MNP is expected to be implemented in India by mid-2010. The need for MNP was seen with the large expanding customer base which sometimes has an impact on network quality. While it is eagerly awaited by many, experts do not expect any dramatic shifts from one service provider to another since quality of service and coverage are not significantly different.

According to a study by Monarch Project & Finmarkets, there will be an initial churn of up to 20% of subscribers, which will then taper off. Customers are more likely to shift if a new operator introduces new services or if another operator introduces an aggressive tariff plan. There is an opportunity for VAS players who can tap into this churn and get better revenue shares from operators for providing exclusive content that can drive revenue.

Number portability is expected to level the playing field even more with all operators offering the same kind of plans, reducing switching to other carriers. Even now there are many new entrants in the market who are offering much more competitive rates. Tata DOCOMO provides pulse rate of a second, so if the call lasts for a few seconds, the customer doesn't have to pay for a full minute. Operators are likely to focus on competitive plans/packages for basic services like calling and messaging rather than value added services.

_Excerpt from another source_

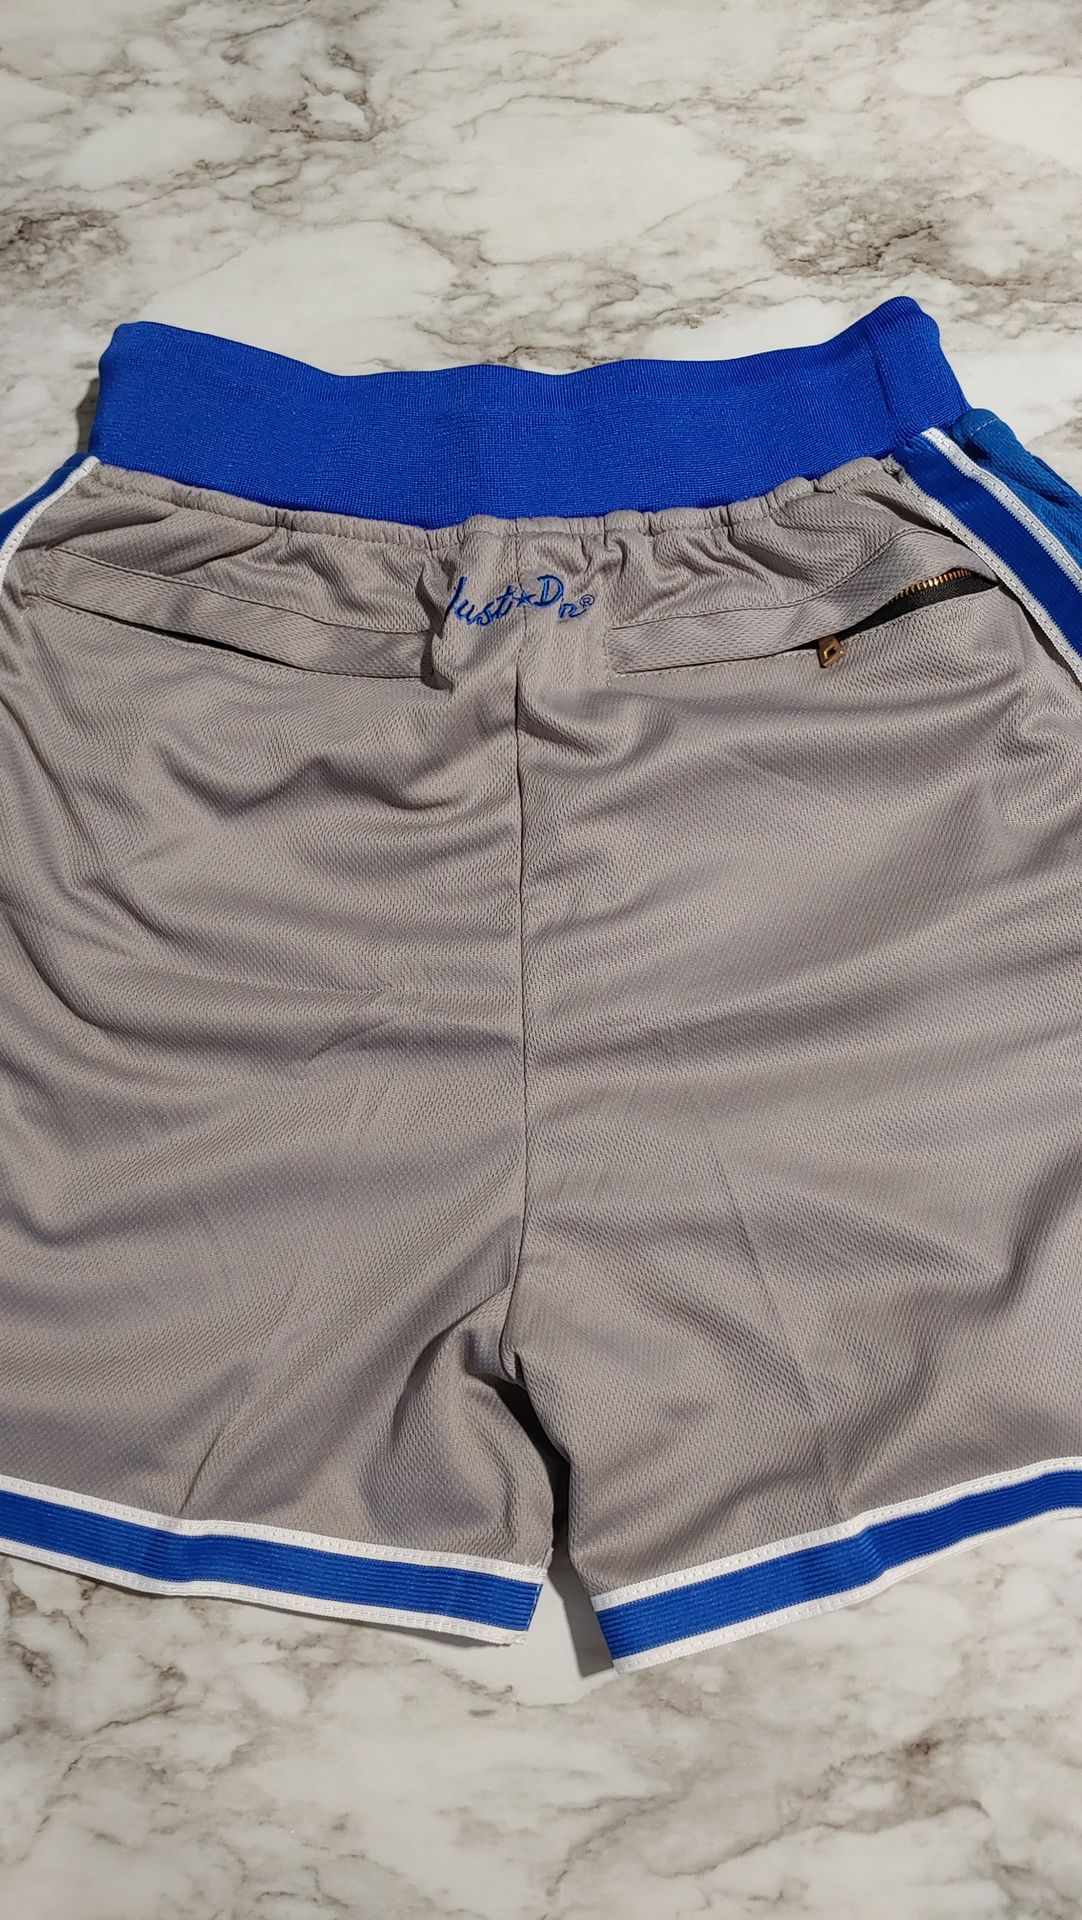 Dodgers Louis Vuitton Shorts for Sale in Lakewood, WA - OfferUp

In the US, the FCC does not prohibit service providers from charging a fee to recover the cost of implementing number portability as long as it does not exceed their porting costs. Here in India, the cost of porting has not been decided, but there is no doubt that the subscriber will have to pay a non-refundable porting charge to the operator. As per a TRAI announcement in December 2009, the charge is expected to be not more than Rs. 19.

Operators expect to be able to complete the porting of a mobile number in not more than four days, with the exception of Jammu & Kashmir, Assam, and the North East circles, where it is expected to take up to 12 days. Porting time is expected to come down. This compares rather favorably with other countries where porting time varies from 24 hours (Ireland) to 31 days (Germany), but most countries port in 5 to 7 working days.

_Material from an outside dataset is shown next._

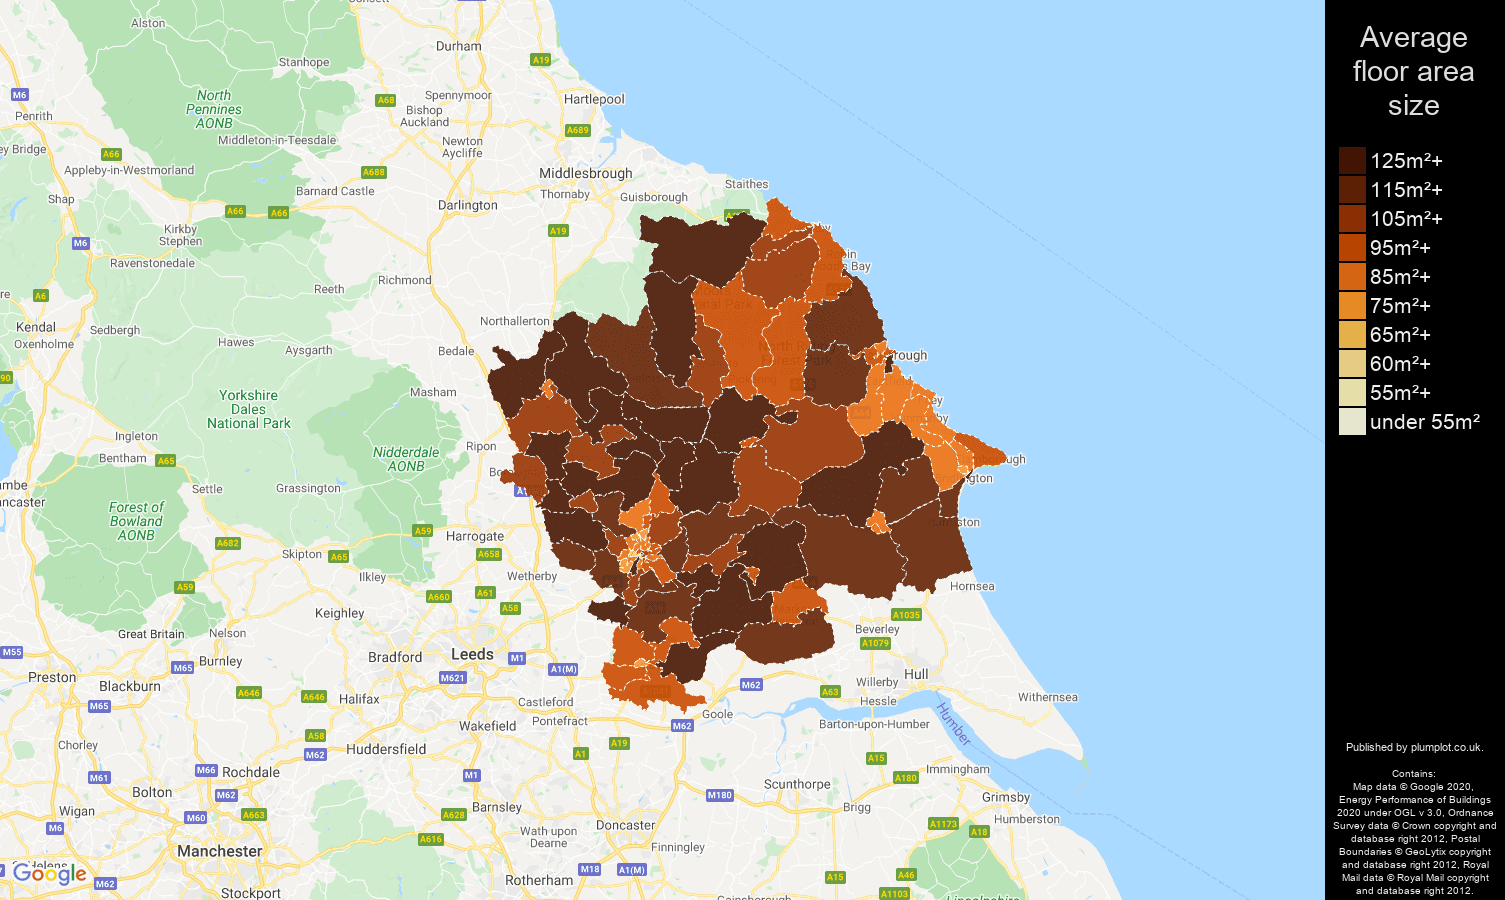 York map of average floor area size of houses

Sweden’s telecom regulator implemented the MNP policy in late 2001. The porting rate increased from 2001 to 2006 and decreased in 2007 and 2008. The average is 4% of all subscribers using MNP when they change their mobile operators, but the churn rate in the Sweden mobile industry is higher than the porting rate; more than half of the consumers who switched their mobile operator did not use MNP in order to keep their number.

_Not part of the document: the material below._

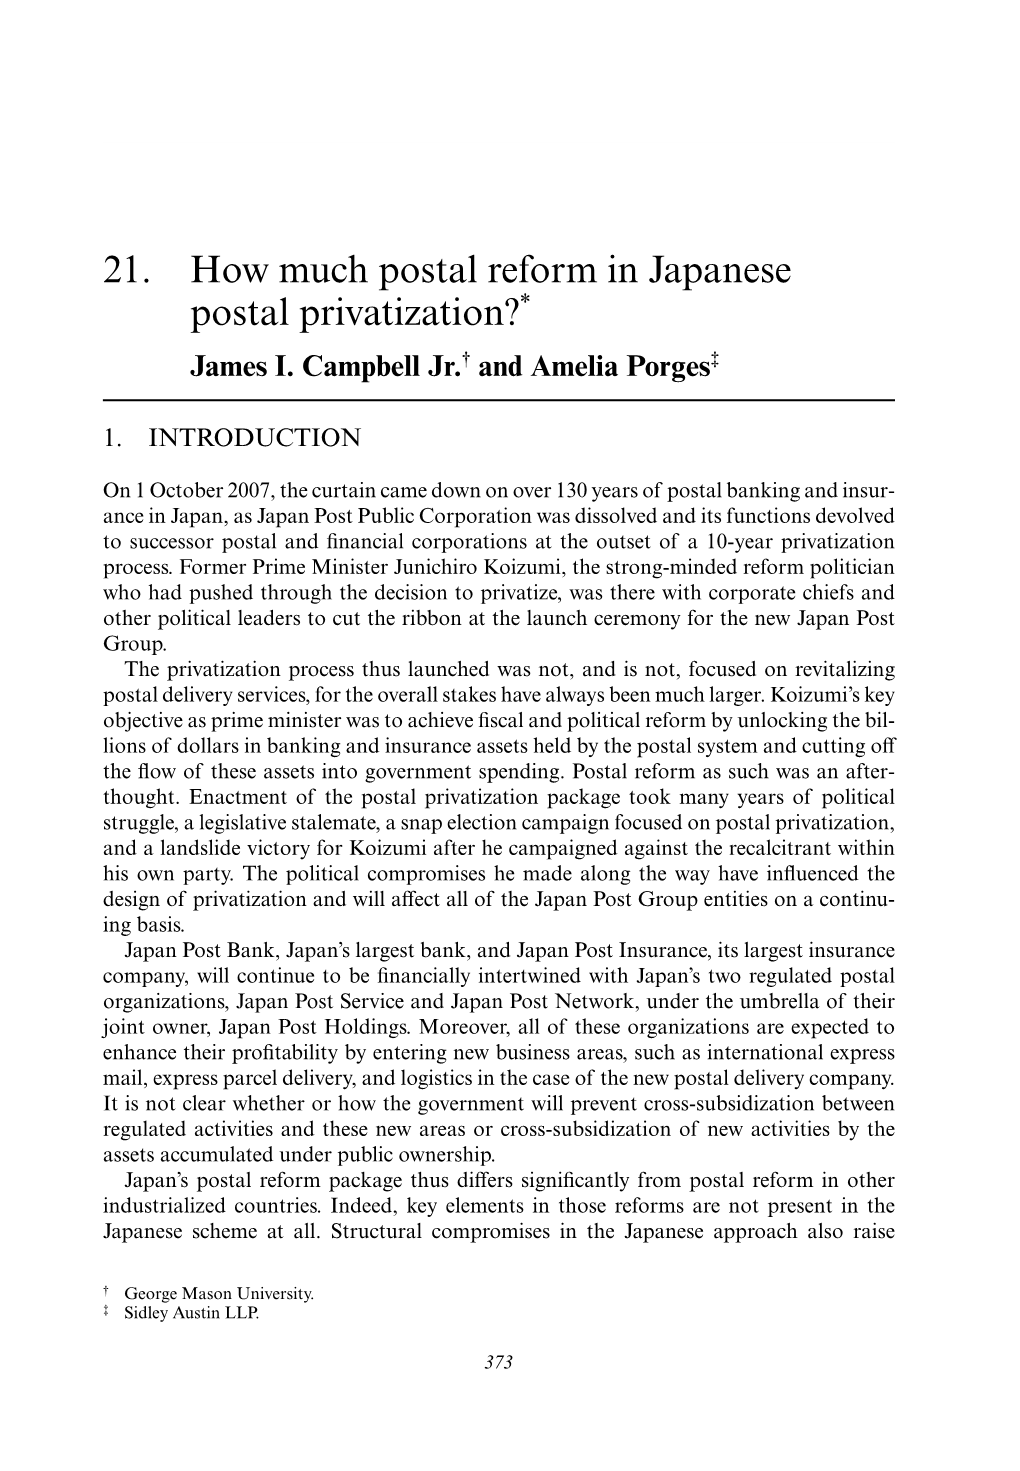 How Much Postal Reform in Japanese Postal Privatization?* James I

Impact on Service Providers

  • While competition among service providers will increase and profit margins are likely to erode, operators who have a strong customer base will be able to retain their customers by providing competitive tariffs.
  • New service providers will find it easier to enter and survive in the market by providing competitive rates and Value Added Services.
  • Service providers will also be able retain customer loyalty and build higher company value.
  • The service providers will have better control over the quality of routing.

Impact on Subscribers

  • Subscribers can now use one number throughout their life and have the flexibility of changing service providers if they are unhappy with the tariff, service, connectivity, etc.
  • Subscribers are more likely to get efficient services at lower rates.
  • A subscriber can make a porting request only after 90 days of activation of connection.
  • Subscribers can also change operators within their registered circles only. 

Overall, the impact on some carriers like Reliance (leader in CDMA services), MTNL (first to launch 3G) and Tata Indicom (ranked No. 1 in overall customer satisfaction) will be positive. Others like Idea are not likely to get benefits because of limited target group and are even likely to see a negative impact. Market giant Bharti Airtel will not see any impact either way.

MNP is expected to reduce the cost of switching operators, making the market more competitive. Even though there are both direct and indirect costs of introducing MNP, all cost-benefit studies project that the effect of MNP will be positive overall. Retail prices, termination charges, price elasticity, market shares, as well as entry and investment decisions are likely to be affected with the implementation of MNP.